For this pattern you will need a piece of fabric that is twice as long as your outer leg seam. It will also need to be at least twice your waist measurement wide. The wider the fabric, the more baggy you can make them.
1. Get your material and fold it lengthways slightly longer than the desired pants length, then fold it selvage to selvage and lay it out on a flat surface.
2. Get a tape measure and measure from the front waistband of the trousers you are wearing to the back waistband putting the tape measure between your legs. Don't hold the measure too tight! Try sitting down with the tape measure between your legs to check the groin curve. This measurement will stop you from making your pants too tight in the crotch (you need room for movement). From the centre fold in the fabric, measure inwards about 7cm and then measure down half your groin measurement adding a curve back towards the centerline.
3. If you only want slightly baggy pants, measure around your waist and add a little extra for seams and movement (about 3 - 4 inches if you are doing ½ inch seams; this allows 2 inches of ease). Divide your adjusted waist measurement by 4 and measure this distance from the groin line at the waist and mark.
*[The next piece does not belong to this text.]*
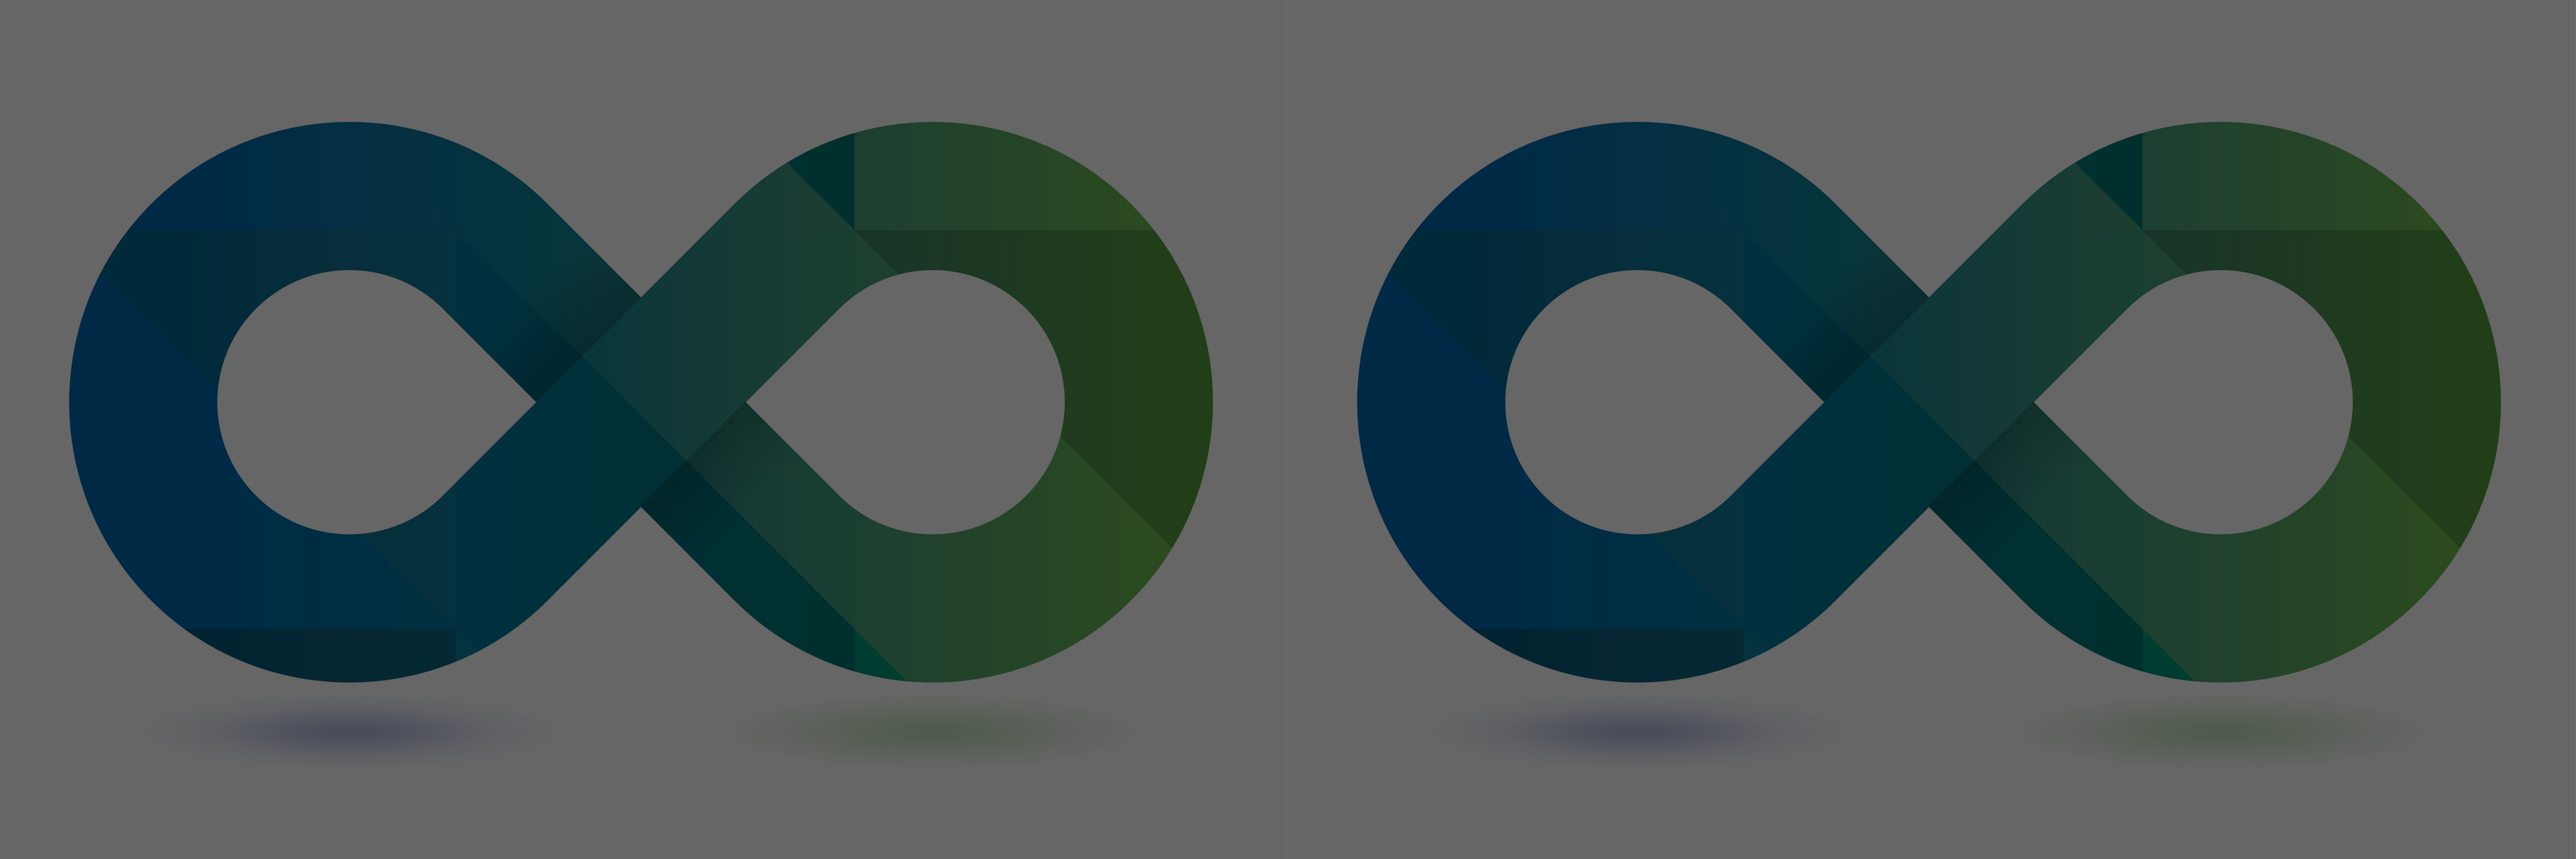 naem-webinar-2017-a-benchmark-process-for-management-of-change-1800x600-min

If you want a tapered leg draw an angled line from the end of the groin curve to the bottom of the pants, and a line from the waist mark to the hem line leaving enough between the two so your leg will fit. (This measurement should be slightly bigger than half your leg size.) If you want baggy pants, add the extra onto your waist measurement and proceed as above.
4. Once your pattern is drawn, cut it out. Take 2 pieces and, with right sides together, pin the groin curve seams and sew up. Do the same with the other two pieces. With right sides together, pin the inner leg seams together and sew. Finally pin the outer seams together and sew. Hem the bottom cuff of each leg.
5. The only thing left is the waistband. With your pants inside out, start by ironing over a half inch at the top of your pants. Then, iron over another inch or so. Sew this down. It should create a nice big hem that you can pass your drawstring through. Pick a side to be the front, and pick out a few stitches in the hem. Using a safety pin, run your drawstring around your waistband. Shoe laces make great drawstrings.